All of the data must be output exactly, with every picture left out.

---------- Collected material

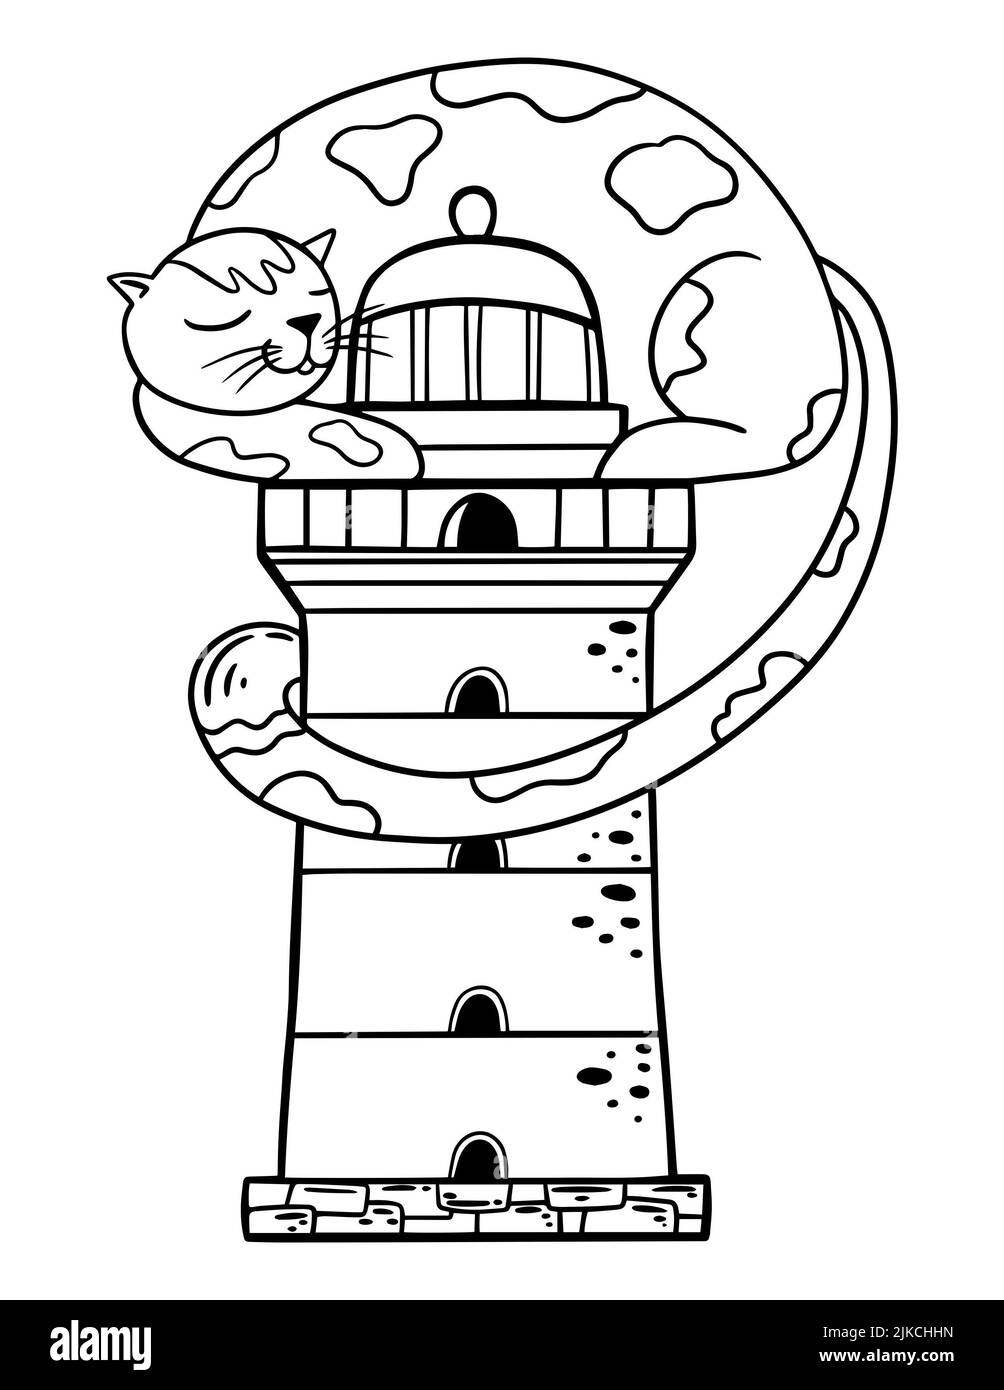 Cartoon house coloring page for kids and adults. Outline home illustration. Stock Photo
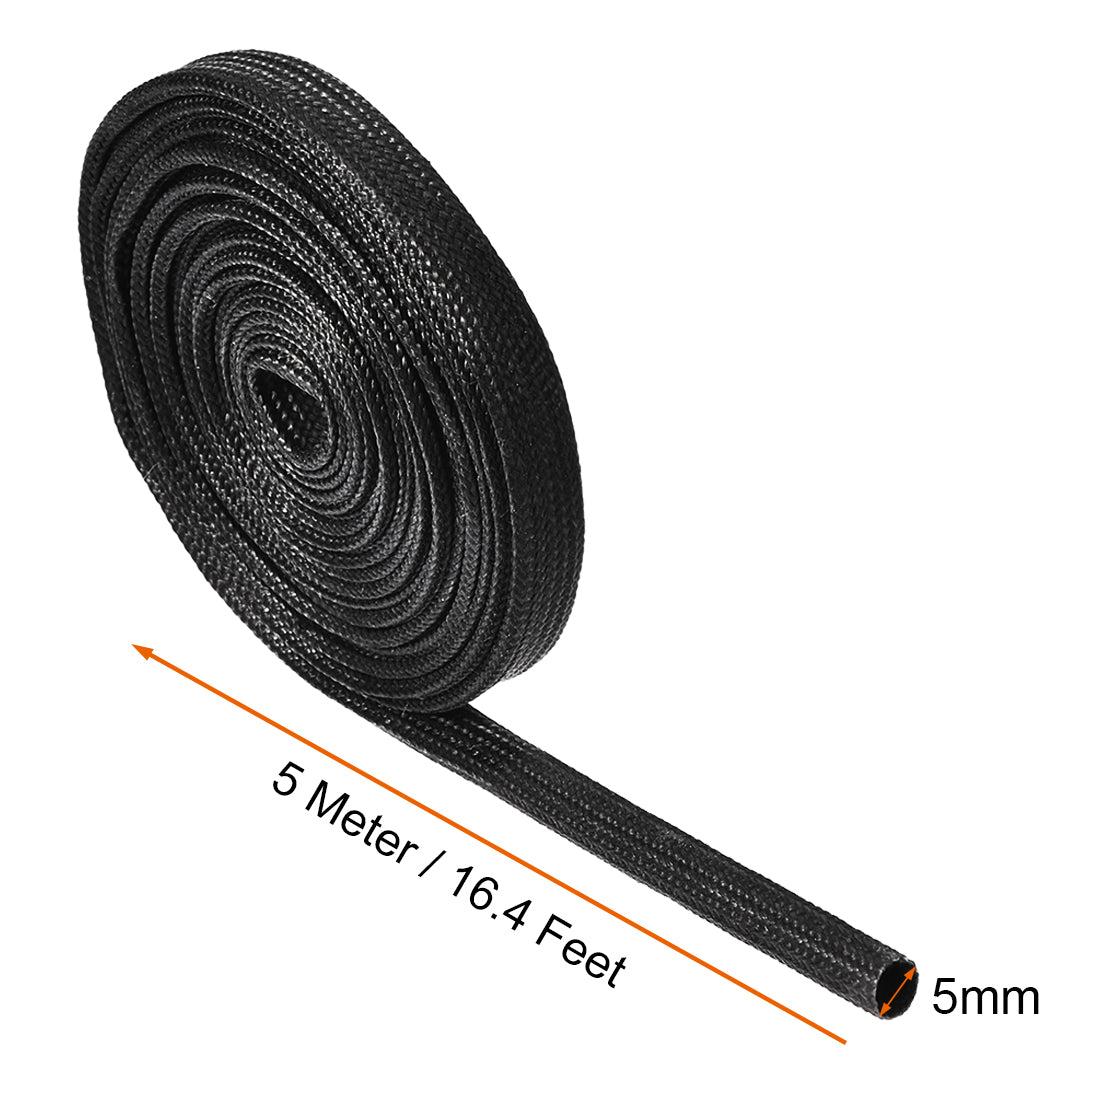 uxcell Uxcell Insulation Cable Protector,16.4Ft-5mm High TEMP Silicone Fiberglass Sleeve Black
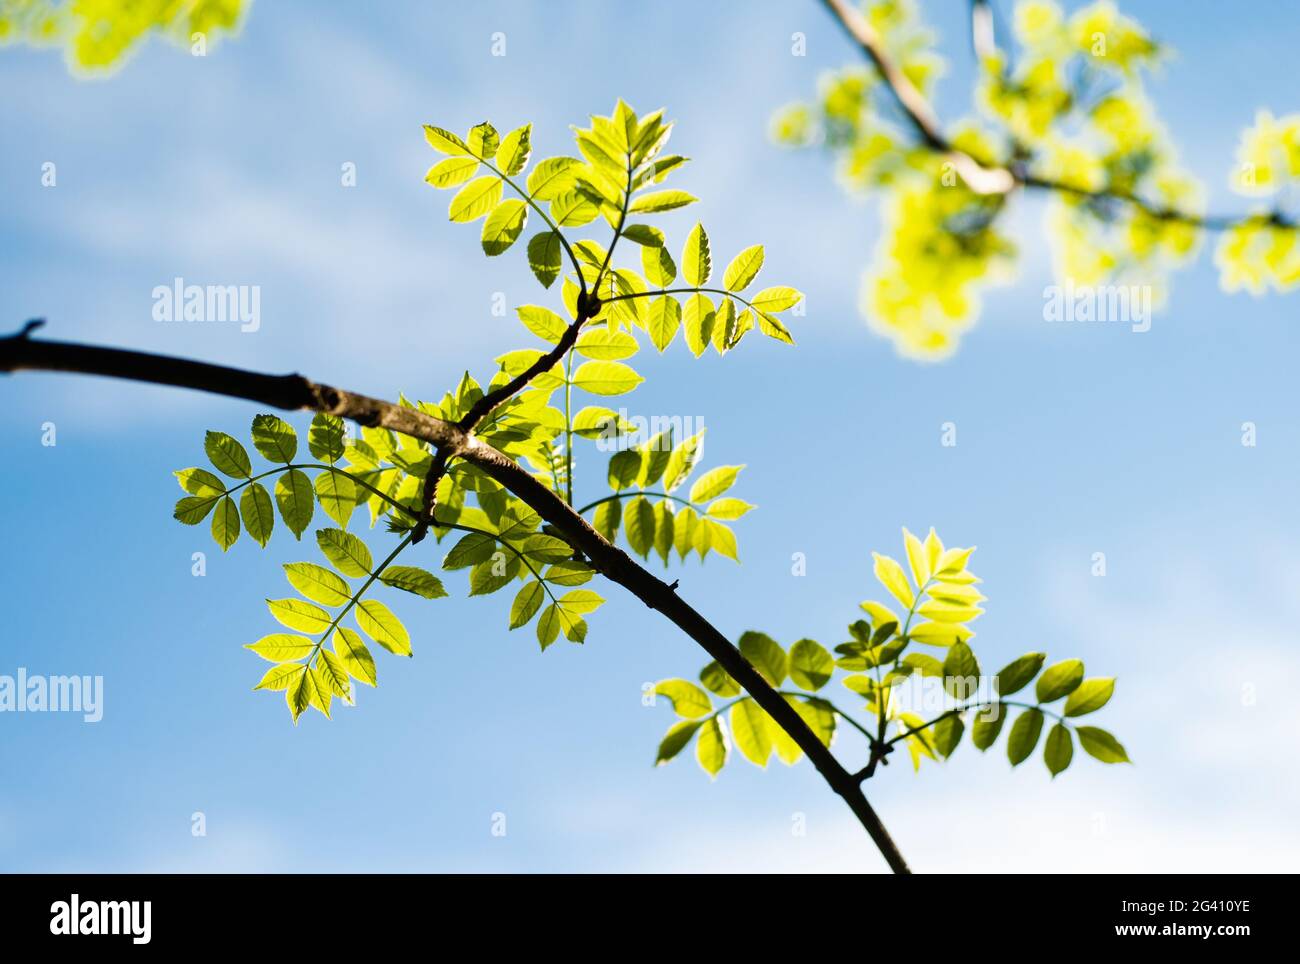 Twig with Lush Green Beech Tree Leaves in Spring Isolated on Blue Sky in the Sun in Selective Focus Stock Photo

--------------------

▶ _Written solution_:
 Cartoon house coloring page for kids and adults. Outline home illustration. Stock Photo
 uxcell Uxcell Insulation Cable Protector,16.4Ft-5mm High TEMP Silicone Fiberglass Sleeve Black
 Twig with Lush Green Beech Tree Leaves in Spring Isolated on Blue Sky in the Sun in Selective Focus Stock Photo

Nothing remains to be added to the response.